Faculty and students in Physical Culture & Education are committed to the sociocultural and pedagogical study of physical education [PE], physical activity, and health to understand the complex links between the body, identity, physical culture, pedagogy, and social justice issues. Physical culture is the study of human physical movement performed in a wide range of domains such as PE, sport, health, dance, and recreation from a critical perspective.

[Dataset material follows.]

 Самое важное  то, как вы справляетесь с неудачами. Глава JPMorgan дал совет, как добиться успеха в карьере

Drawing from a socio-cultural and pedagogical perspective, we carry out interdisciplinary research with and for young people at physical culture sites to address current issues of inequalities and inequities. We view sports not simply as games to play or fitness and health as something people have to do; rather, we conceptualize physical activity as a means of constructing the self in society. We explore how bodily practices can be pedagogically constructed as meaningful and culturally relevant to people’s lives in their communities.
Our work examines how sociocultural, political, and economic forces have an impact on the body, school PE, physical activity, fitness, and health. In today’s context of public health, we are particularly interested in understanding how health disparities, structural inequalities, and the materiality of the socio-educational and economic resources young people have access to in the local community contexts of their daily lives inform their physicality development and health.

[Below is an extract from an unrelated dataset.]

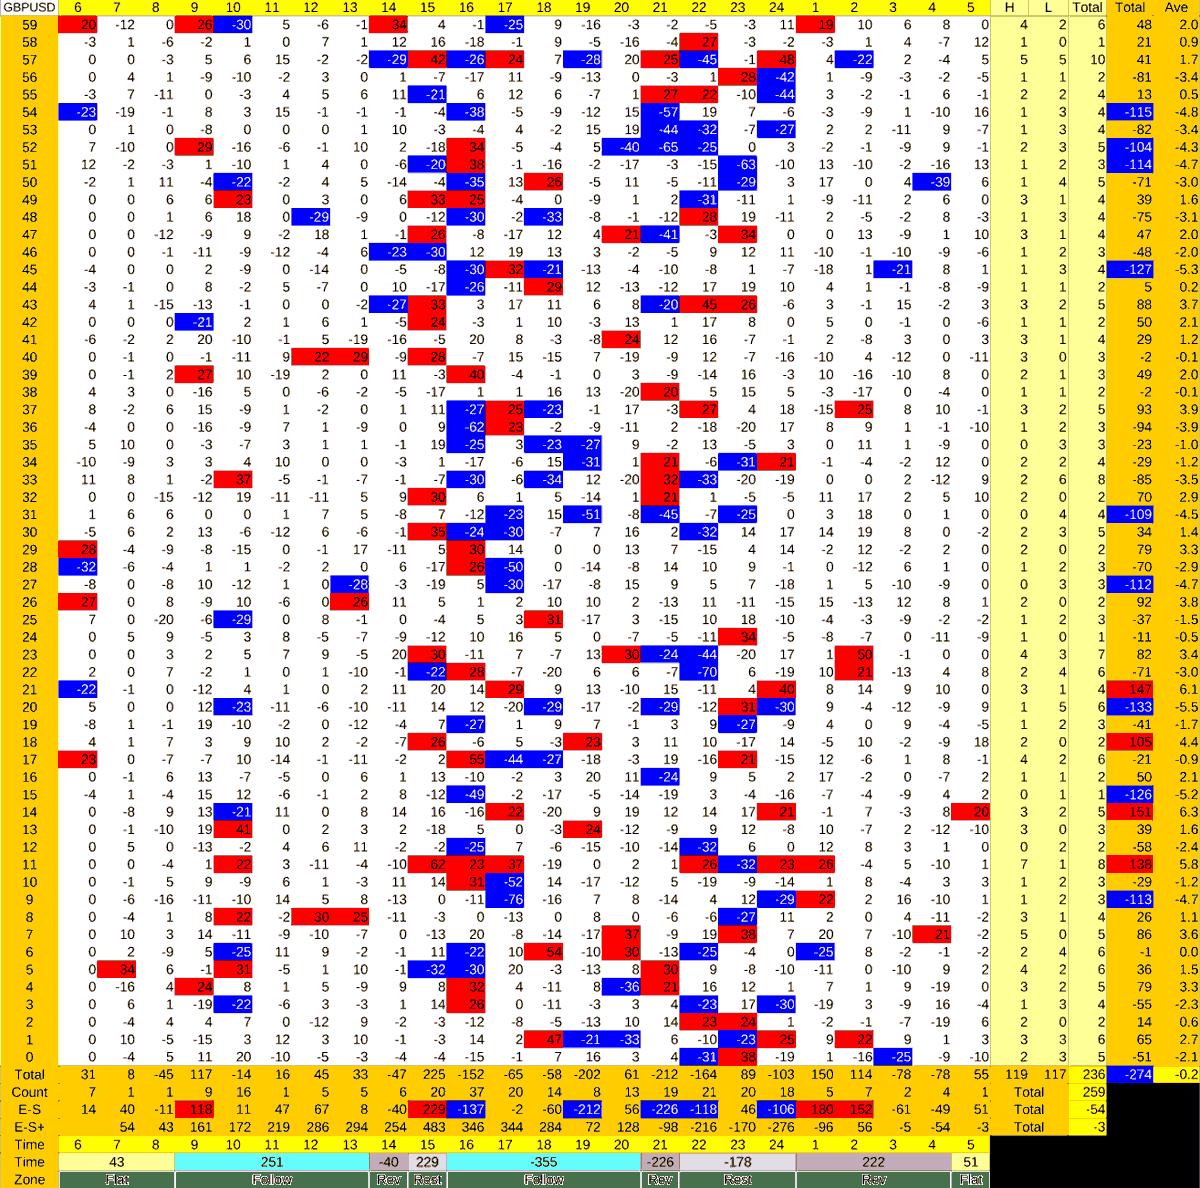 20210525_HS(2)GBPUSD

We interrogate critically how young people embody issues of gender, sexuality, race, ableism, and sizeism and the intersectionality of these social categories in physical activity and health and express them in their engagement with and/or disengagement from physical culture. Adopting critical and constructivist theories, we investigate PE classes, gyms, and other contexts of health, fitness, or recreation as sites of critical inquiries. We are thus committed to re-constructing PE curricula and other contexts of physical culture as sites of pedagogical resistance, social change, and transformation.

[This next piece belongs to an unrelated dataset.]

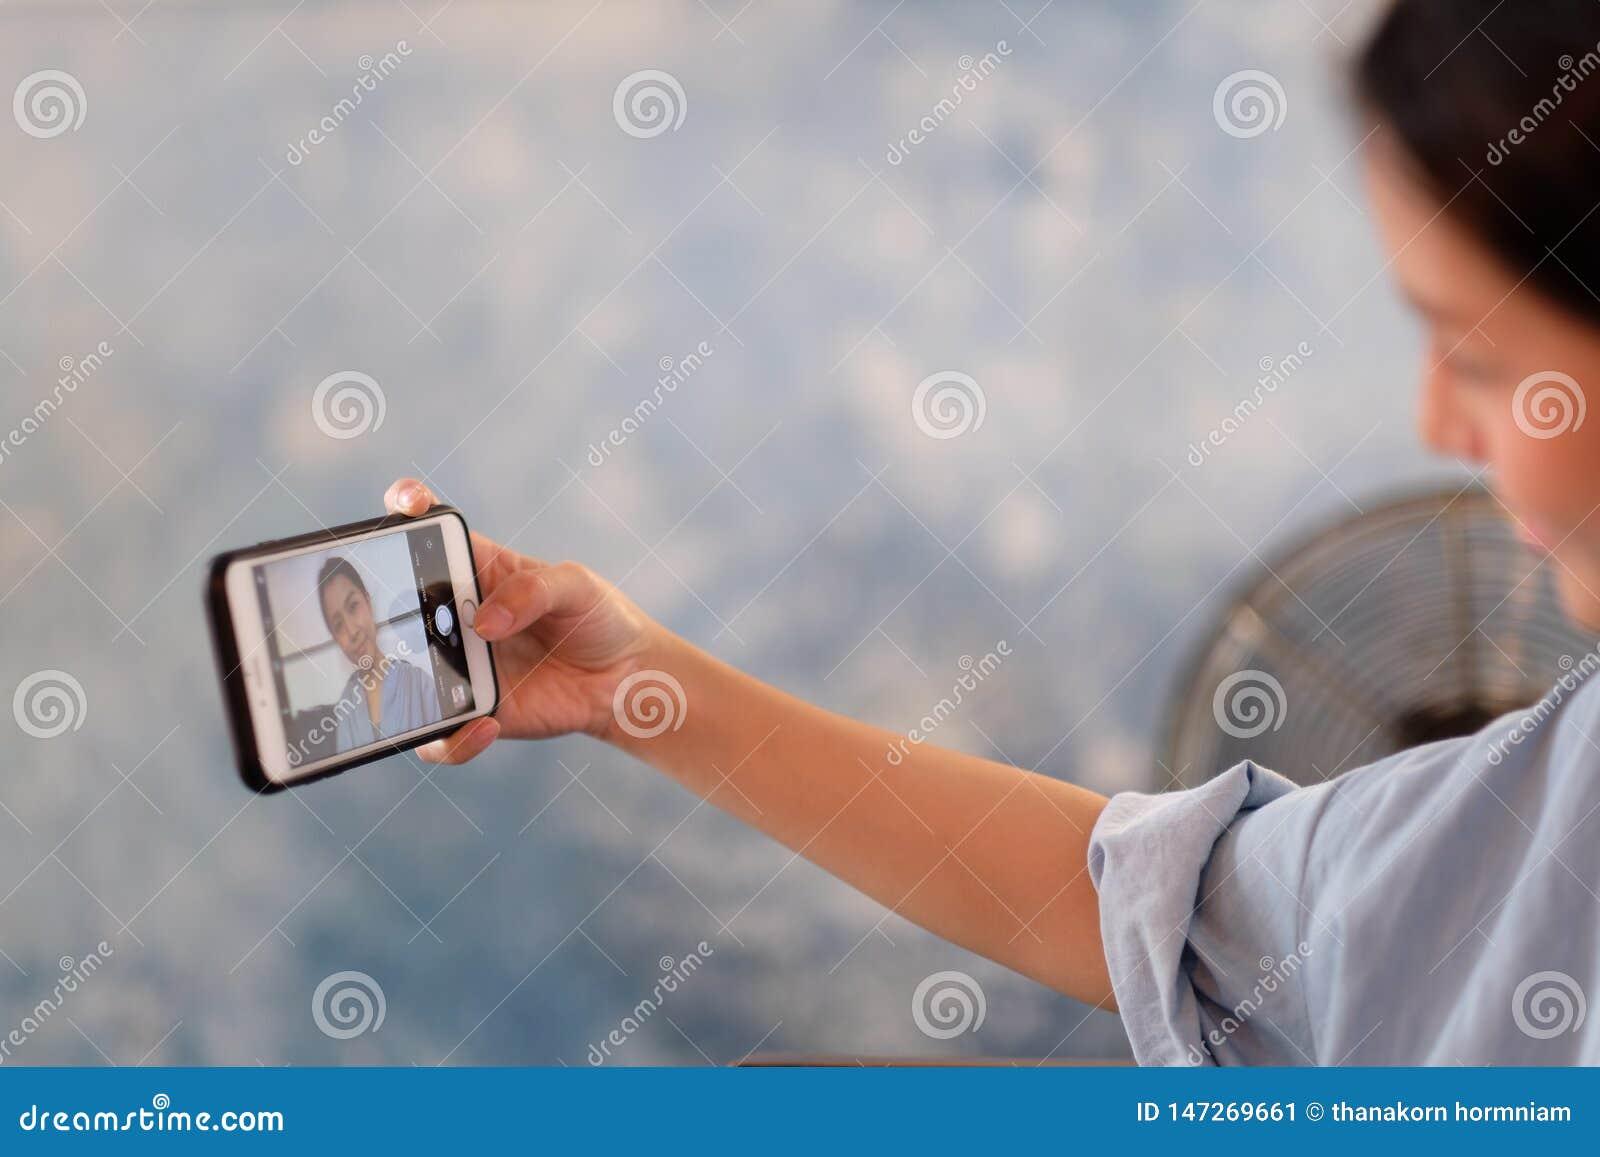 Fotografie mit einem Handy

Our research employs qualitative methodologies that position children and young people as active agents, enabling them to voice, express, and represent their experiences in meaningful, creative, and contextualized ways. We adopt research methodologies that have the potential to make inequalities and inequities visible in order to create social change. In our visual research, we use community-based arts centers, schools, and art galleries as sites of public and critical pedagogy for social change, showcasing participants’ own visual representations of the significance of physical activity in their lives. We use art exhibitions as pedagogical spaces for youth’s expression in the attempt to legitimate, recognize, and communicate the ways in which they talk, feel, and represent their embodied experiences to the public, beyond the boundaries of academia.